EXERCISE BRIEF ▸ Lines from the one containing "Plants vs Zombies" through the end of the material are to be retyped exactly; do not copy pictures.

====

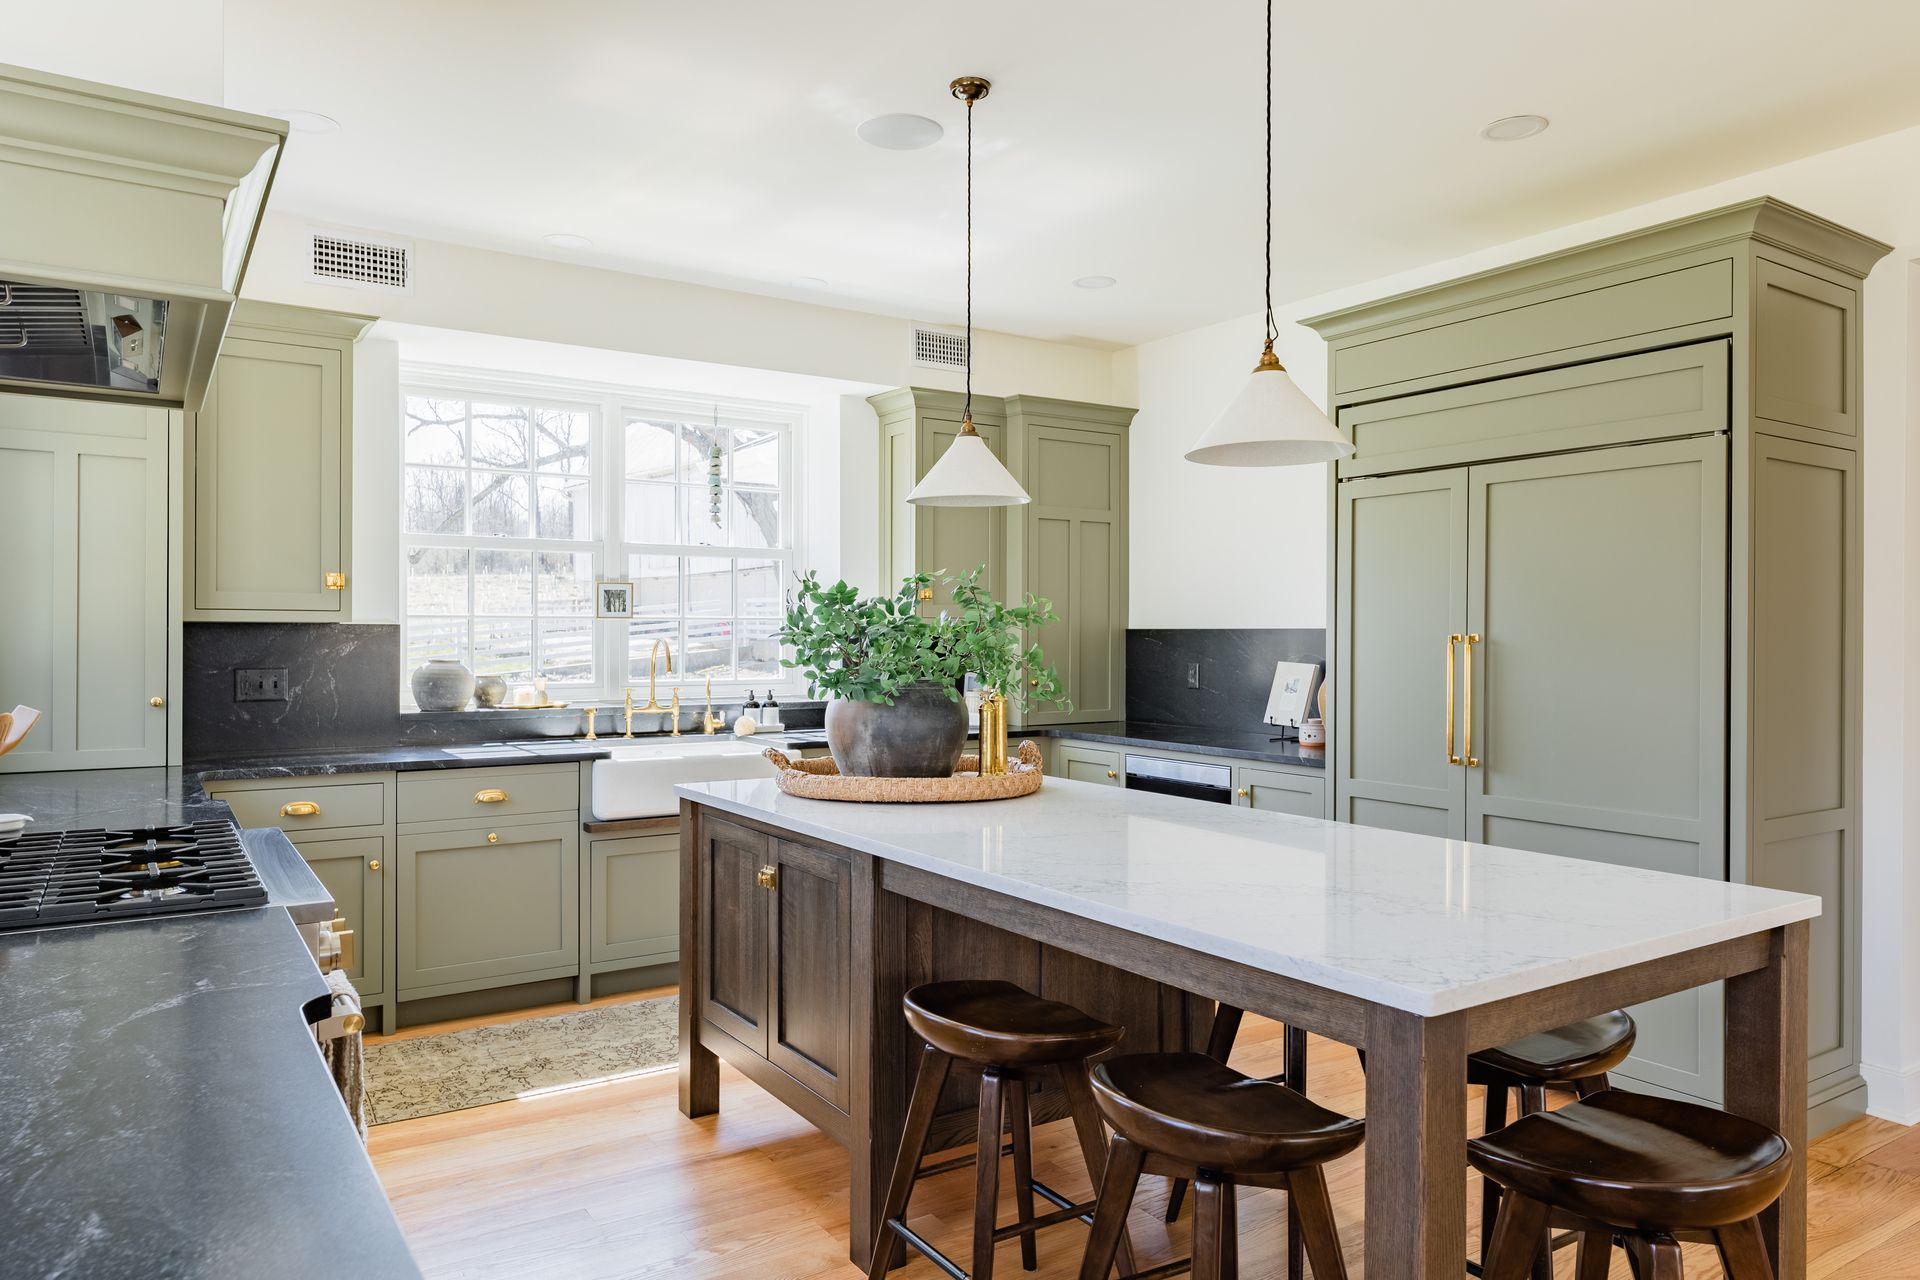 Little Antietam Project – Bespoke farmhouse cabinets designed and installed in kitchen and mudroom.
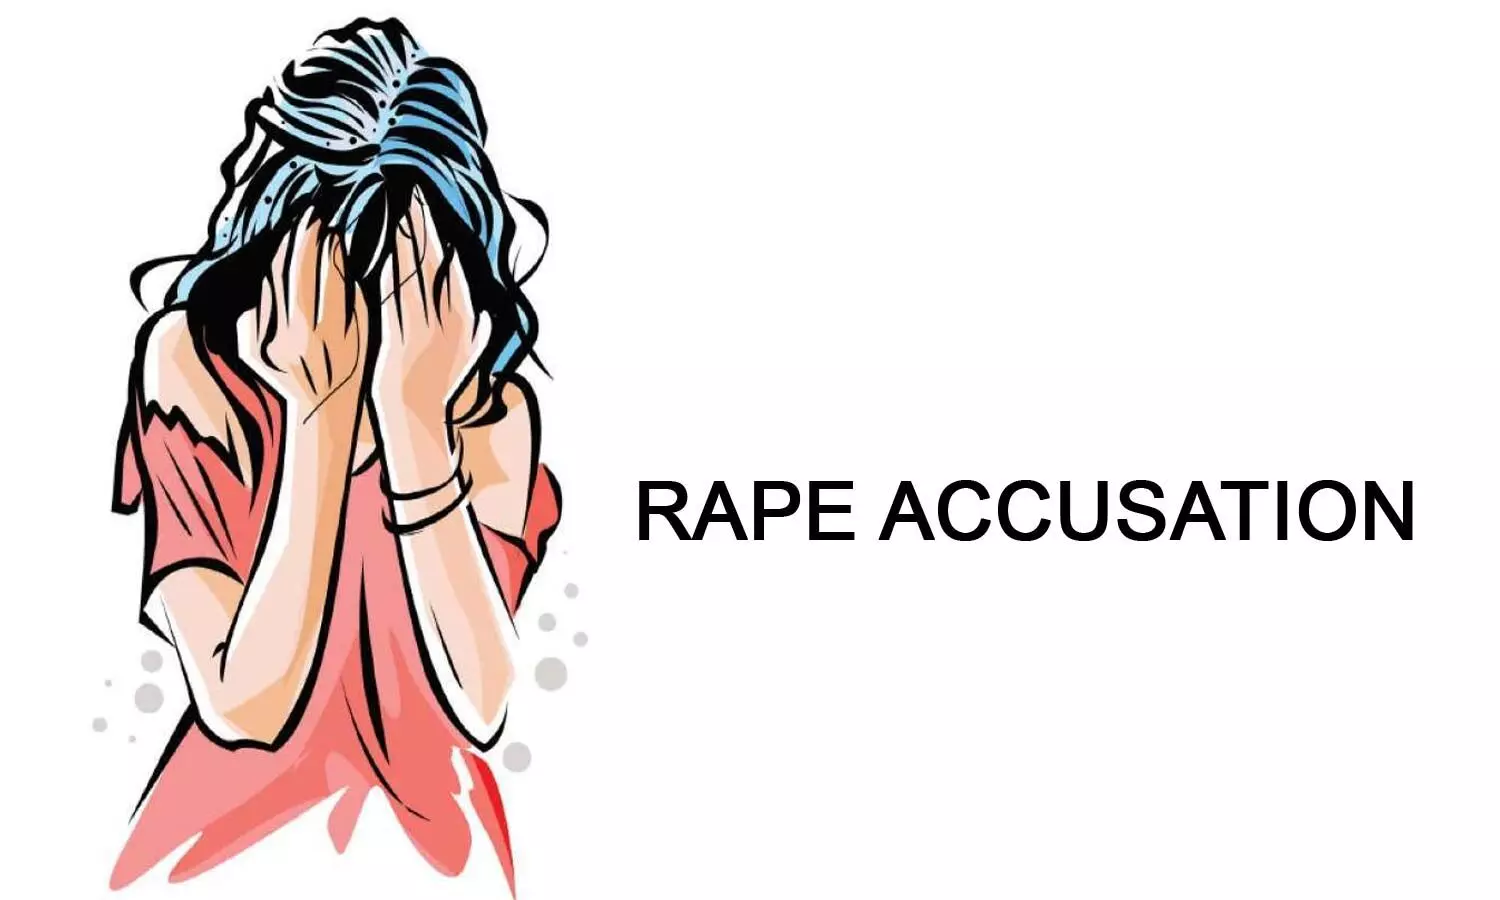 UP Doctor accused of rape attempt by colleague, now absconding
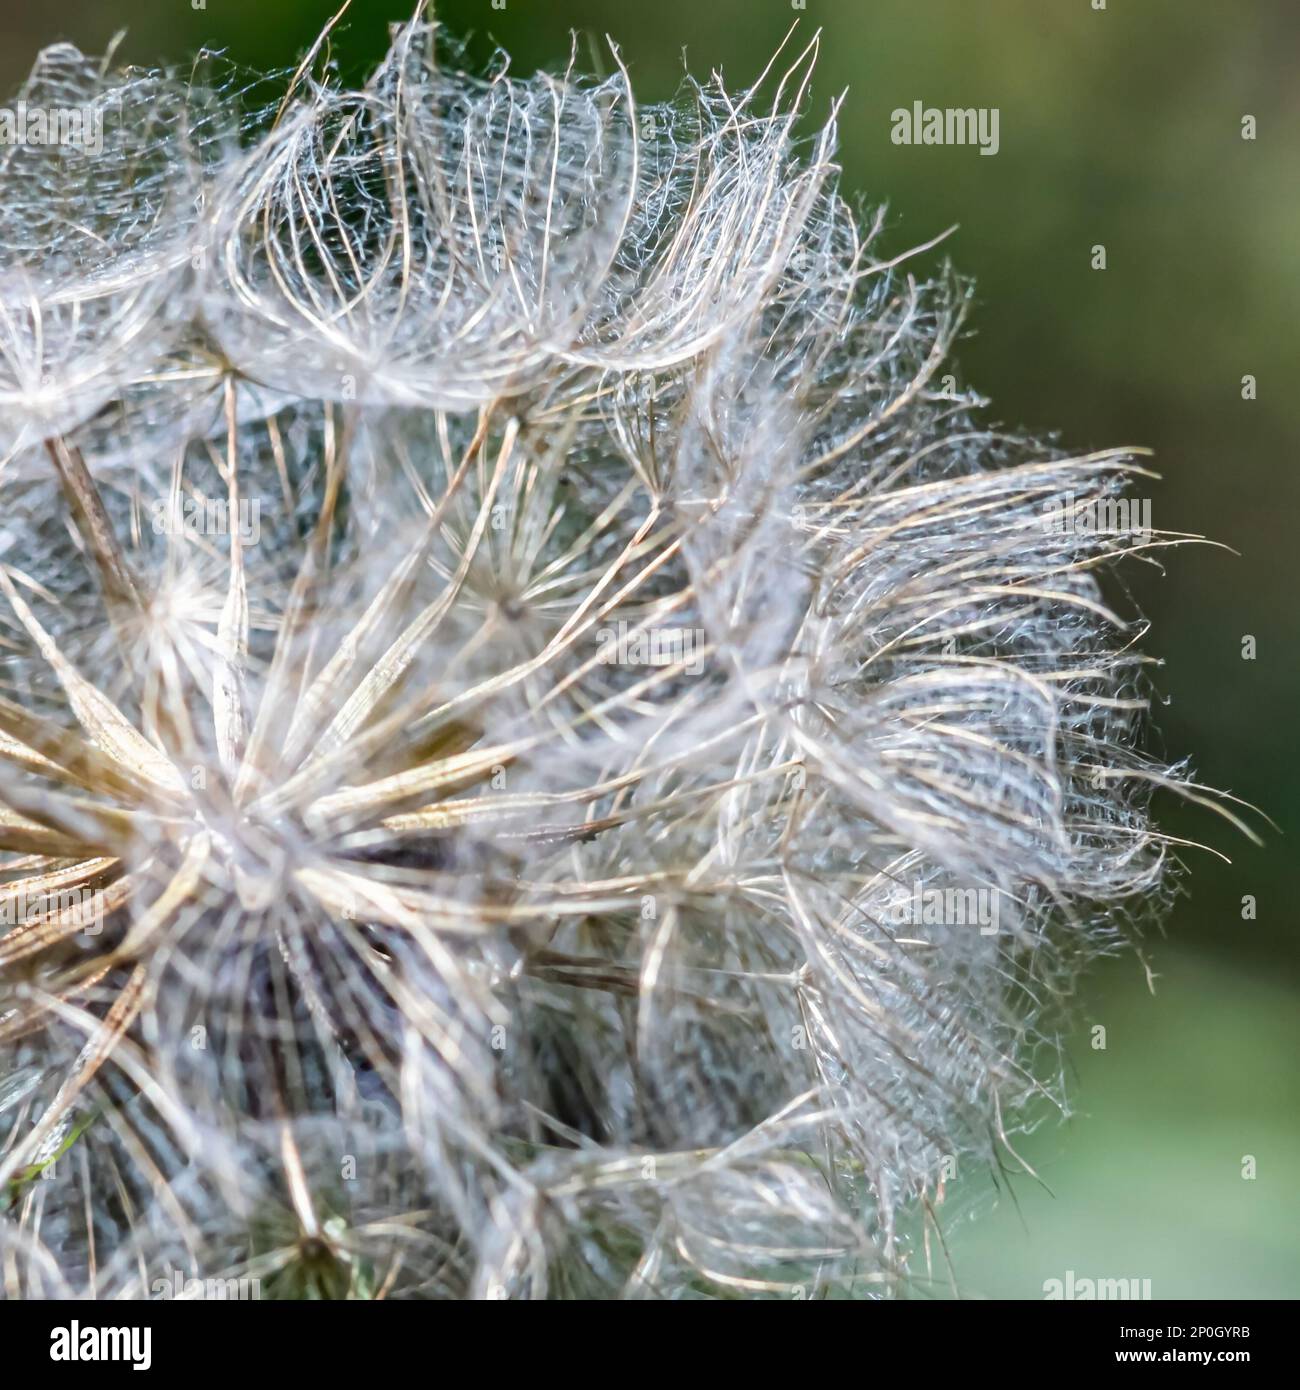 Goatgrass A large dandelion from the east on a green background Stock Photo
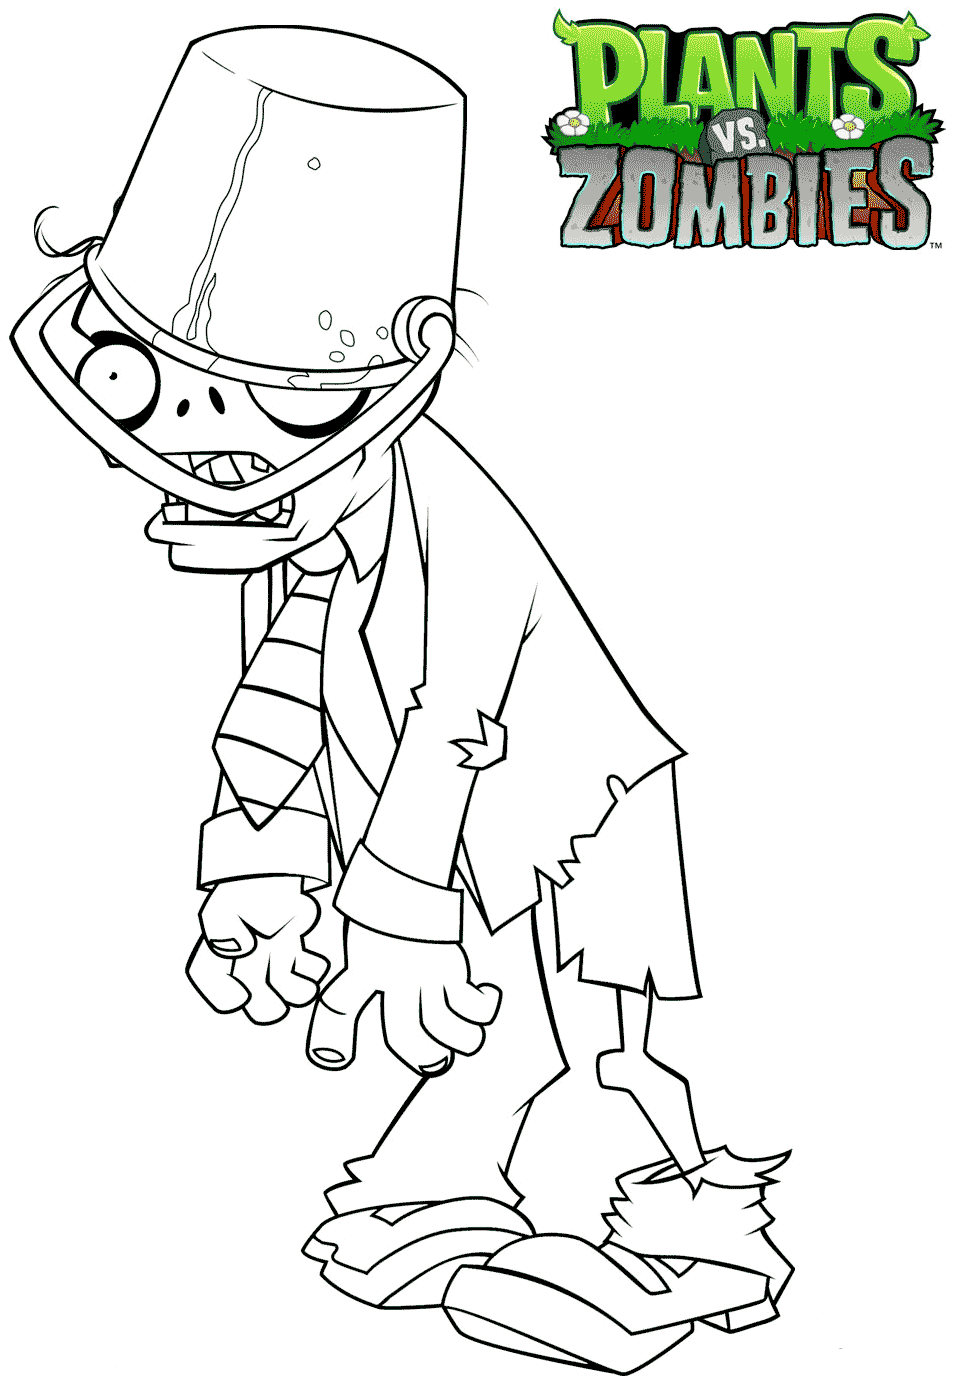 Plants vs Zombies Coloring Pages Buckethead Zombie
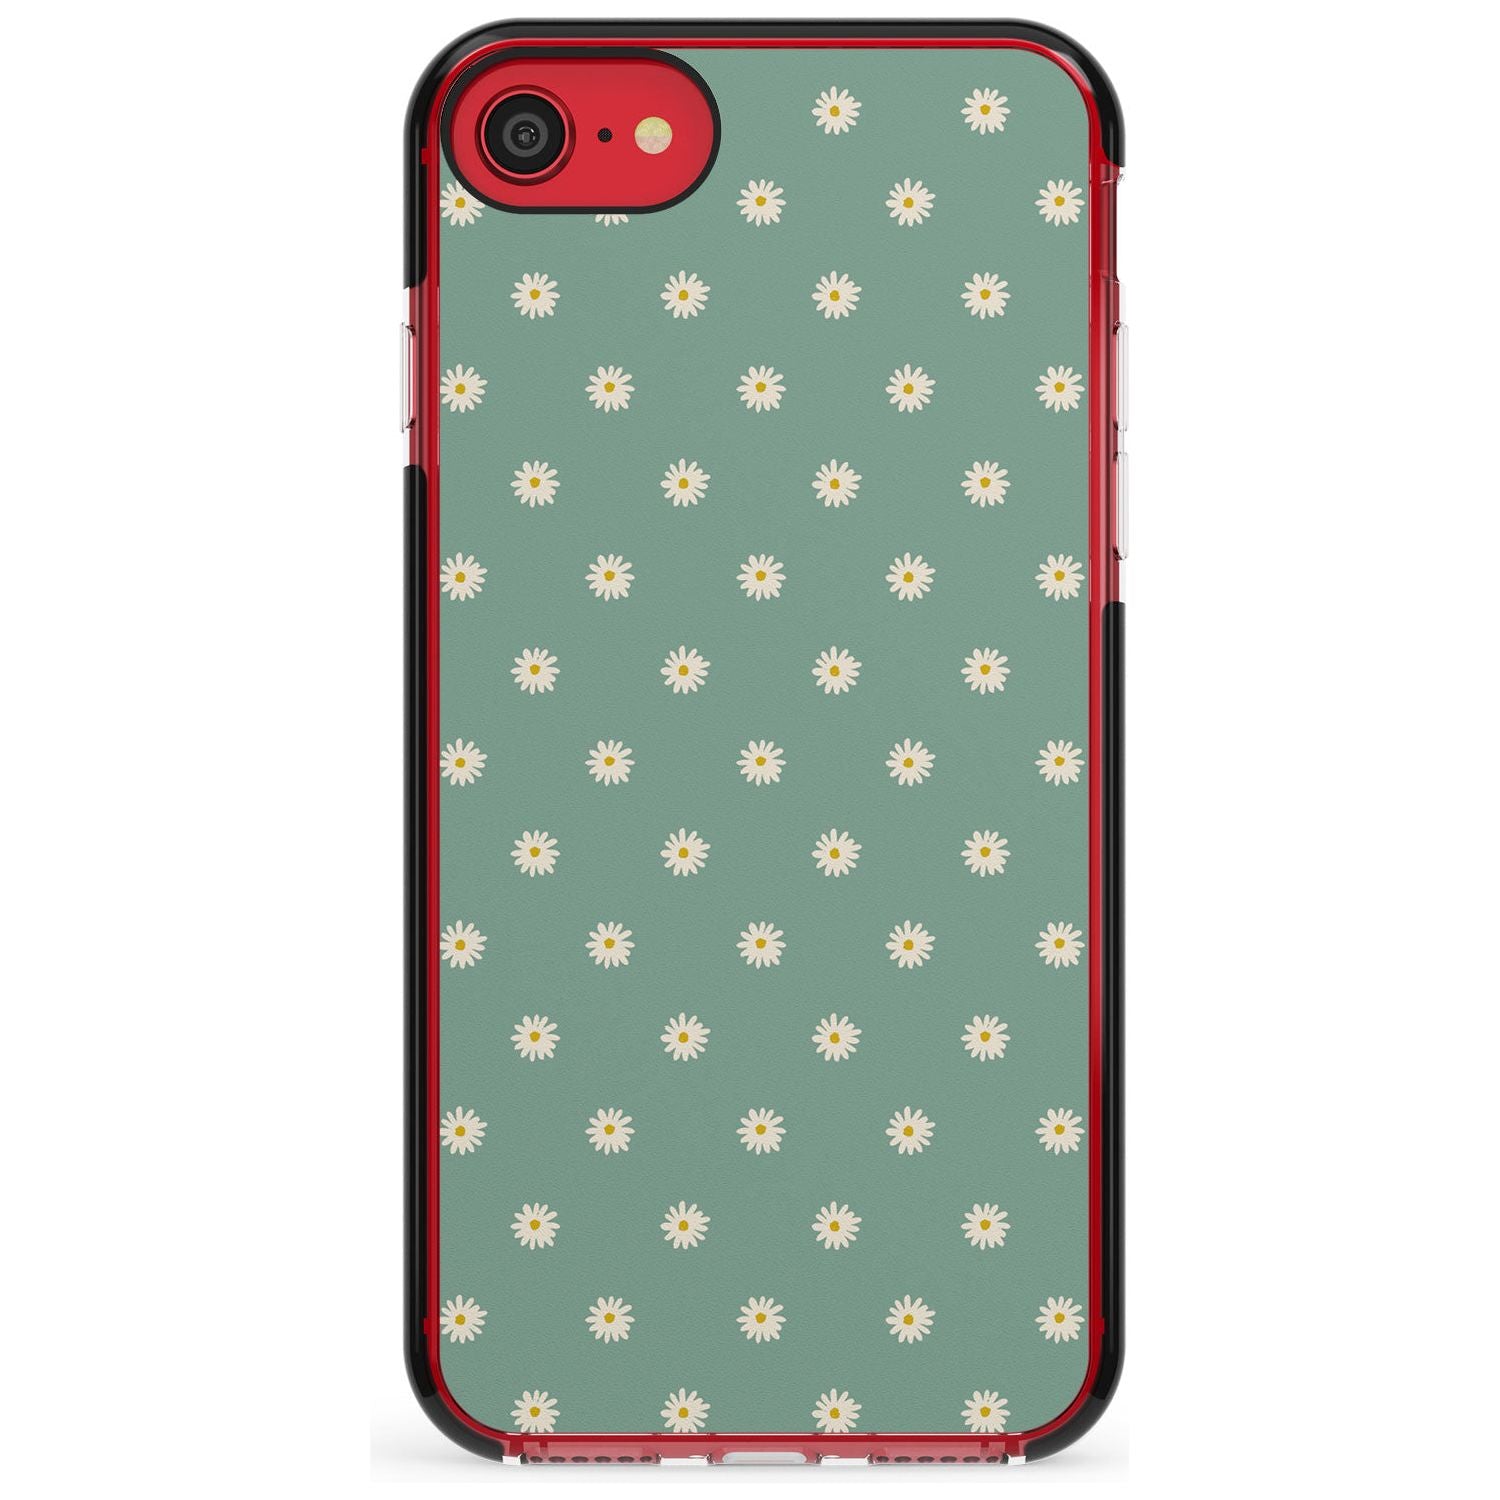 Daisy Pattern - Teal Cute Floral Daisy Design Pink Fade Impact Phone Case for iPhone SE 8 7 Plus

====

RESPONSE TO THIS TASK ▸
 Plants vs Zombies Coloring Pages Buckethead Zombie
 Daisy Pattern - Teal Cute Floral Daisy Design Pink Fade Impact Phone Case for iPhone SE 8 7 Plus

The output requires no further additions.